10:17, EEST
June 14, 2022
Hi everyone,
I want to update the version of Prosys OPC UA SDK for Java that the application we develop uses to the latest version. In order to do that I need to upload the artifacts to our internal Nexus repo. We have done that for previous versions but it has been quite a long time and there is no information on how the update has been done. I have uploaded the jar file from the libs folder and the sources and javadoc zip files, but that does not seem to work as the javadoc needs to be a jar as well and there is no pom so the dependencies are not added to the classpath.
I can see that there is a maven installer, which installs it into the local repo and it does seem to generate a pom and convert the zip into jar.

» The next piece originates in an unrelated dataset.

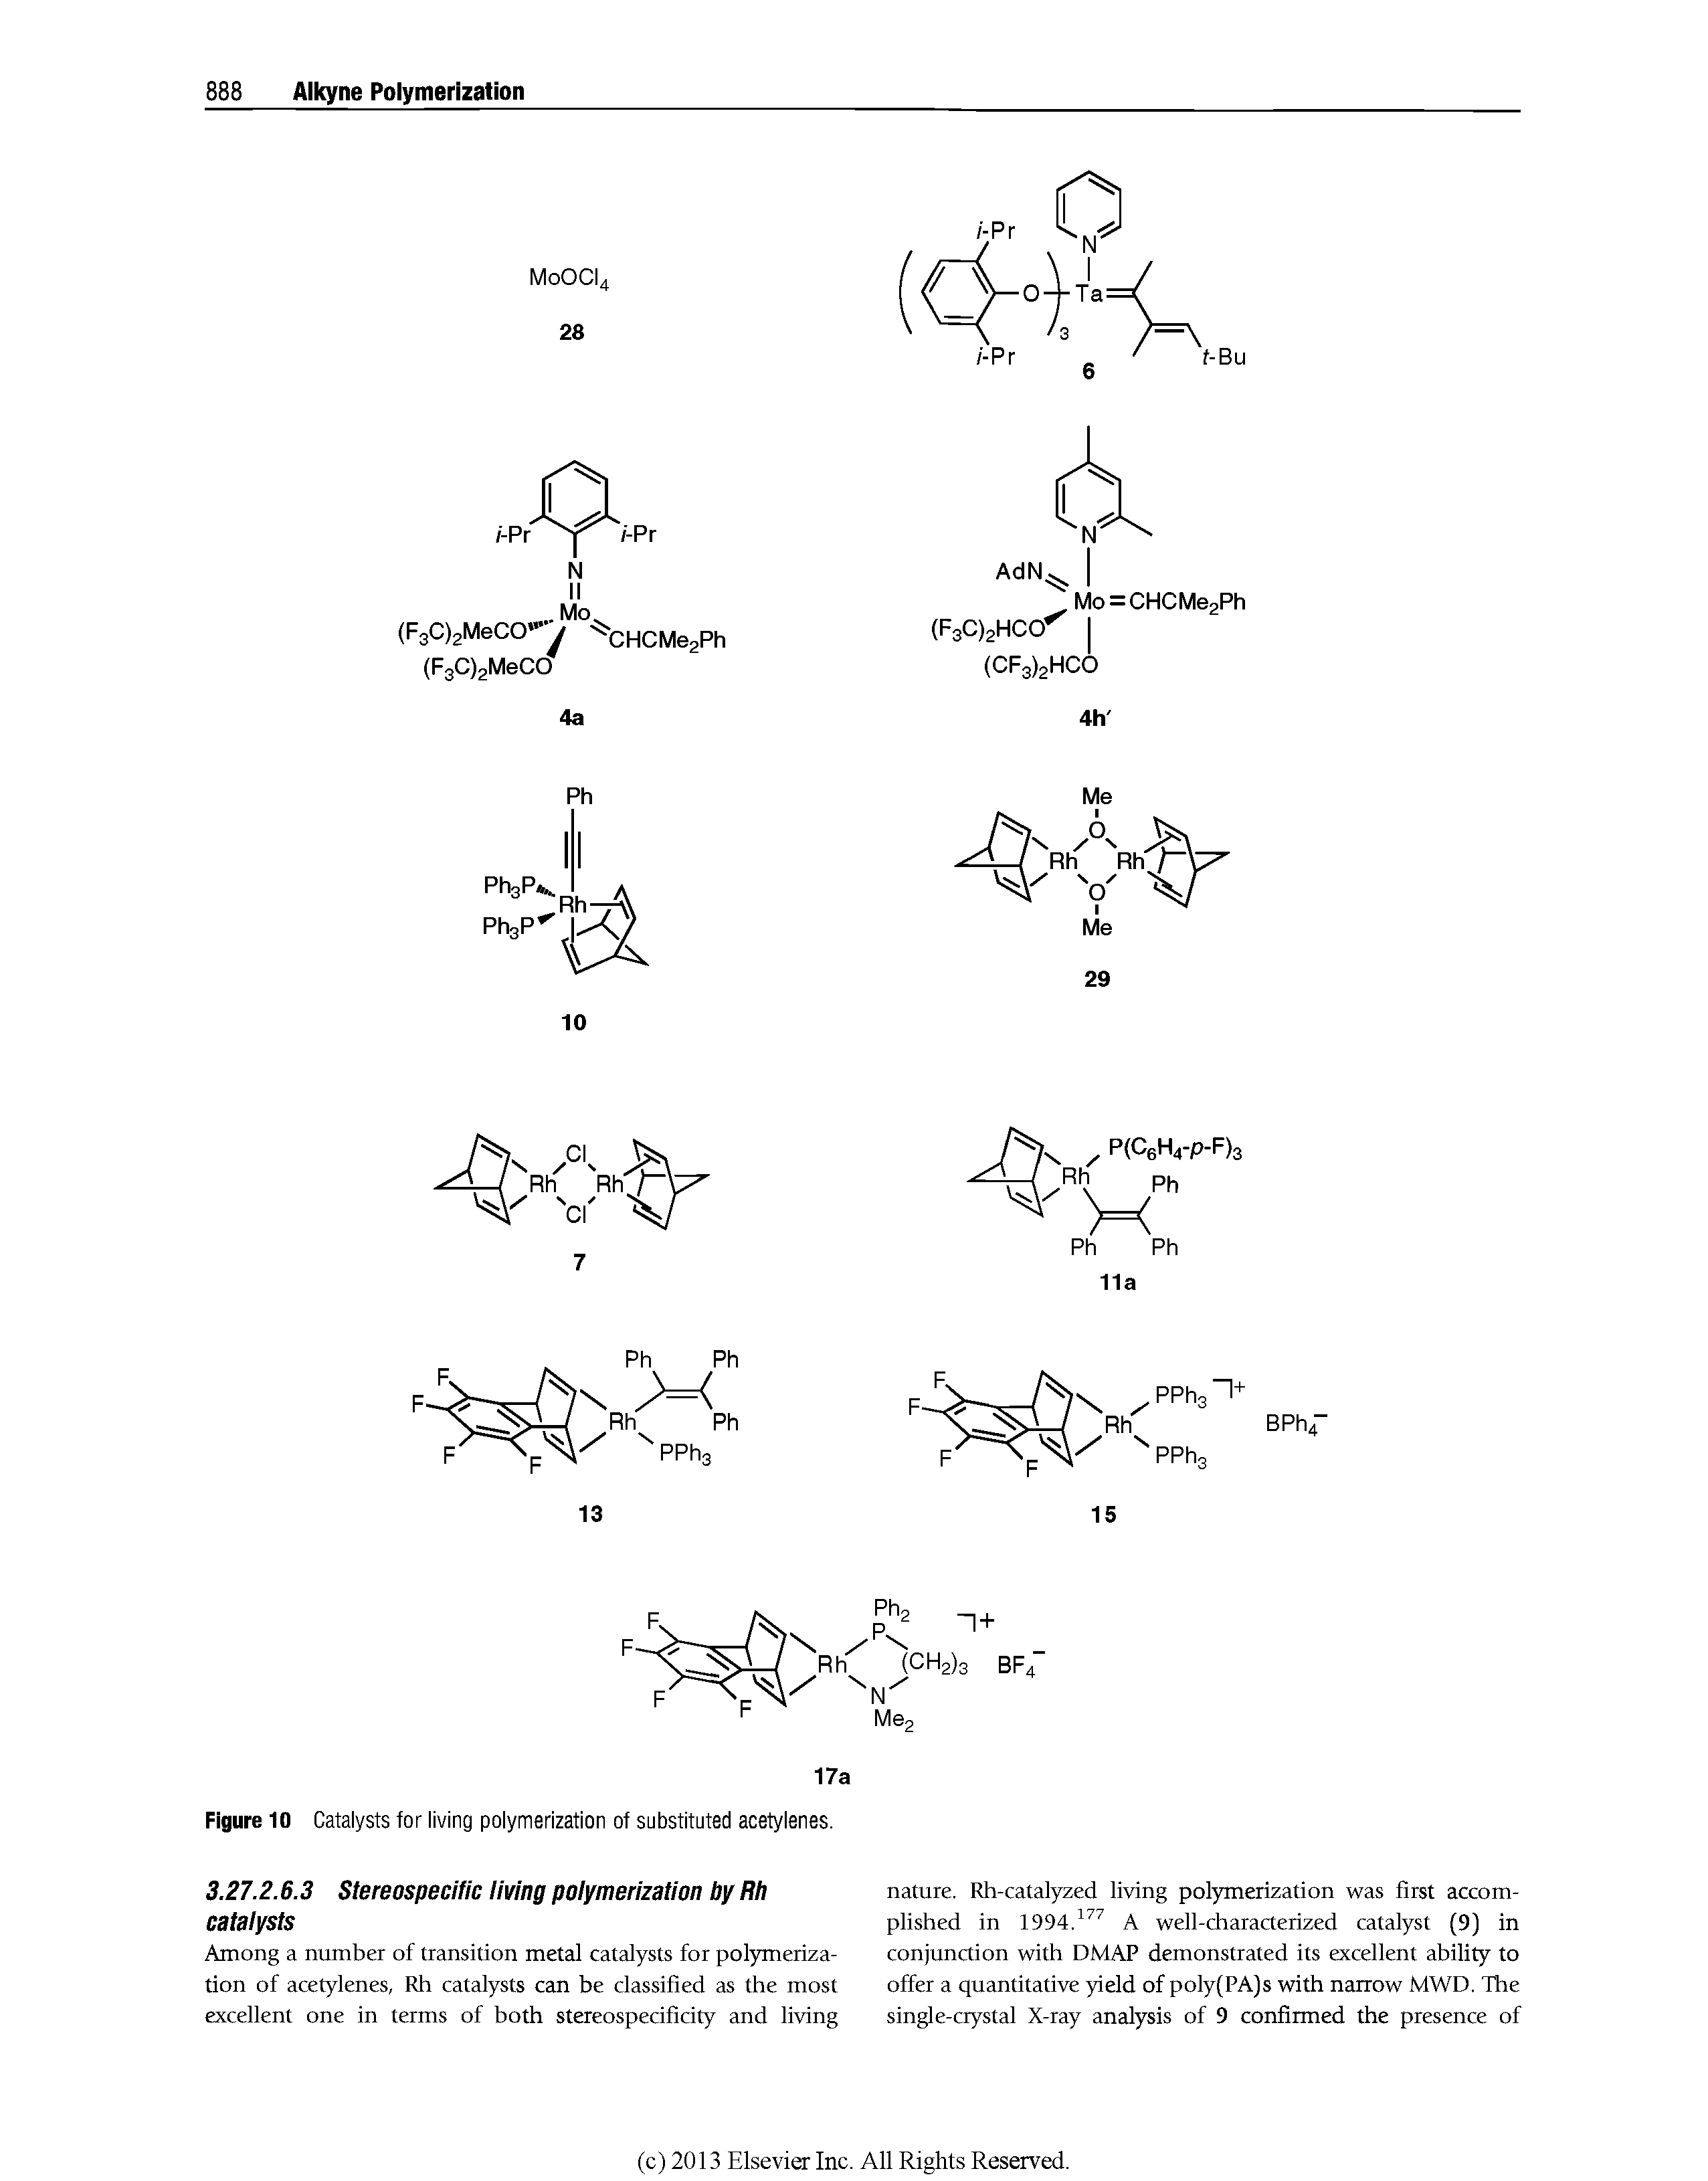 Figure 10 Catalysts for living polymerization of substituted acetylenes.

My question is what is the correct way for generating the artifacts and uploading to internal Nexus repo?
12:12, EEST
April 3, 2012
Hi,
Sort of outside of the scope of the SDK, but if you just do the same as the ‘sdk_zip_root/maven-integration/maven-install-helper/pom.xml’ does it should work: Rename the javadoc .zip to .jar (jar files are just zip files) and use the pom from the ‘data’ directory i.e. ‘sdk_zip_root/maven-integration/maven-install-helper/data/pom.xml’. And use the SDK jar from the ‘sdk_zip_root/lib’ folder.
P.S.
I do not recommend putting the sources (zip renamed as .jar) there, the ‘maven-install-helper’ doesn’t also do that (same logic in all editions). The (pre-built) SDK jar in source editions is the same as in binary editions and thus obfuscated. The sources are however not obfuscated, so e.g. the names of private methods etc. do not match 1:1 the SDK jar, which can be problem for some tools. Also some tools do not use javadocs if sources are present in maven. Currently we do not provide an unobfuscated version of the SDK jar. One could be made manually using the sources, but in that case care should be taken to obfuscate it (preferably together with the application jar) before shipping.
15:54, EEST
June 14, 2022
Thanks for the suggestion.
I basically ended up doing something similar. Only I updated the ‘sdk_zip_root/maven-integration/maven-install-helper/pom.xml’ to add task for converting the sources from zip to jar (like there is one for the javadoc) and ran the installer. After that I uploaded the generated prosys pom and the prosys, sources and javadoc jars from my local .m2 repository to our Nexus repo. This seems to work fine: all prosys dependencies are added to the classpath and the javadoc and sources can be dowloaded by the IDE. It seems to me to be a bit “hacky” solution but I guess that’s fine as well.